Fewer dropped calls. CDMA systems transfer calls throughout the CDMA network using a soft hand-off, which connects a mobile customers call with a new base station while maintaining a connection with the base station currently in use, and hard hand-off, which disconnects the call from the current base station when it connects to another base station. CDMA networks monitor the quality of the transmission received by multiple neighbor base stations simultaneously to select the best transmission path and to ensure that the call is not
disconnected in one base station unless replaced by a stronger signal from another.
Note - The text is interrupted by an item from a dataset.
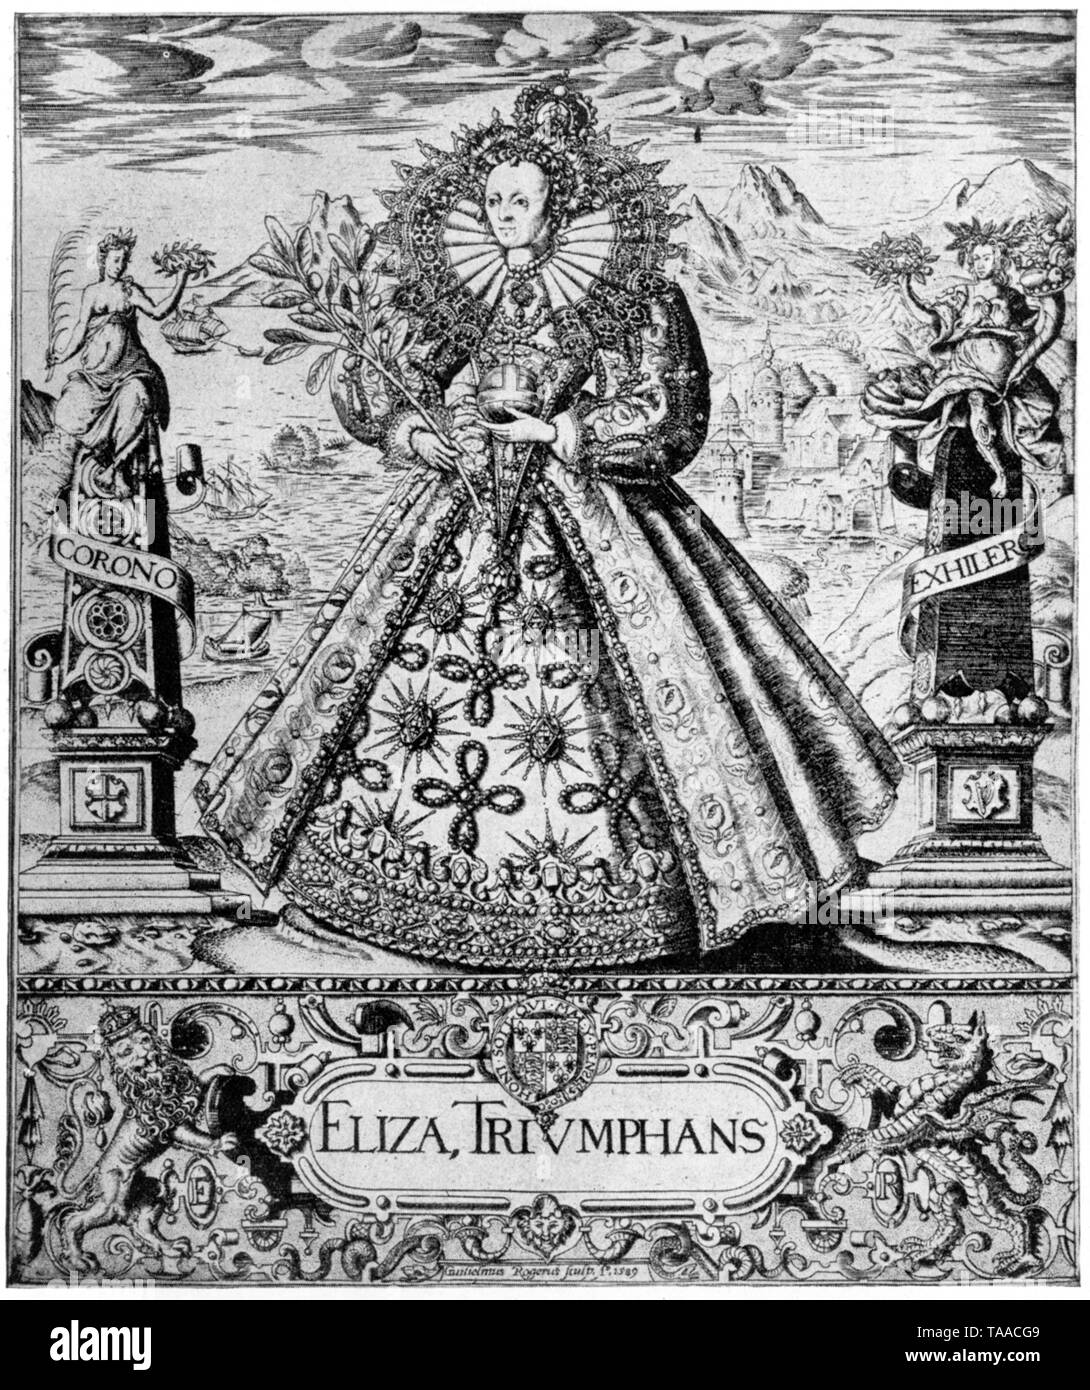 Elizabeth triomphant (Eliza Triumphans), c1589. Par William Rogers (c1545-c1604). Cette gravure en plaque de cuivre célèbre la victoire d'Elizabeth I sur l'Armada espagnole. Elle est triomphante entourée d'emblèmes de la victoire et de la paix, devant un paysage marin symbolisant la dominance britannique de la mer. Banque D'Images

Analog, TDMA and GSM networks only use a hard hand-off and disconnect the call from the current base station as it connects with a new one without any simultaneous connection to both base stations. Since CDMA allows for both hard and soft hand-off, it results in fewer dropped calls compared to other wireless technologies.
Simplified frequency planning. TDMA and GSM service providers spend considerable time and money on frequency planning because they must reuse frequencies to maximize network capacity. CDMA technology allows reuse of the same subset of allocated frequencies in every cell, substantially reducing the need for costly frequency planning.
Efficient migration path. CDMA 1XRTT technology can be easily and cost-effectively upgraded for enhanced voice and data capabilities. The technology requires relatively low incremental investment for each step along the migration path with relatively modest incremental capital investment levels as demand for more robust data services or additional capacity develops.
Privacy and security. CDMA uses technology that requires accurate time and code phase knowledge to decode, increasing privacy and security.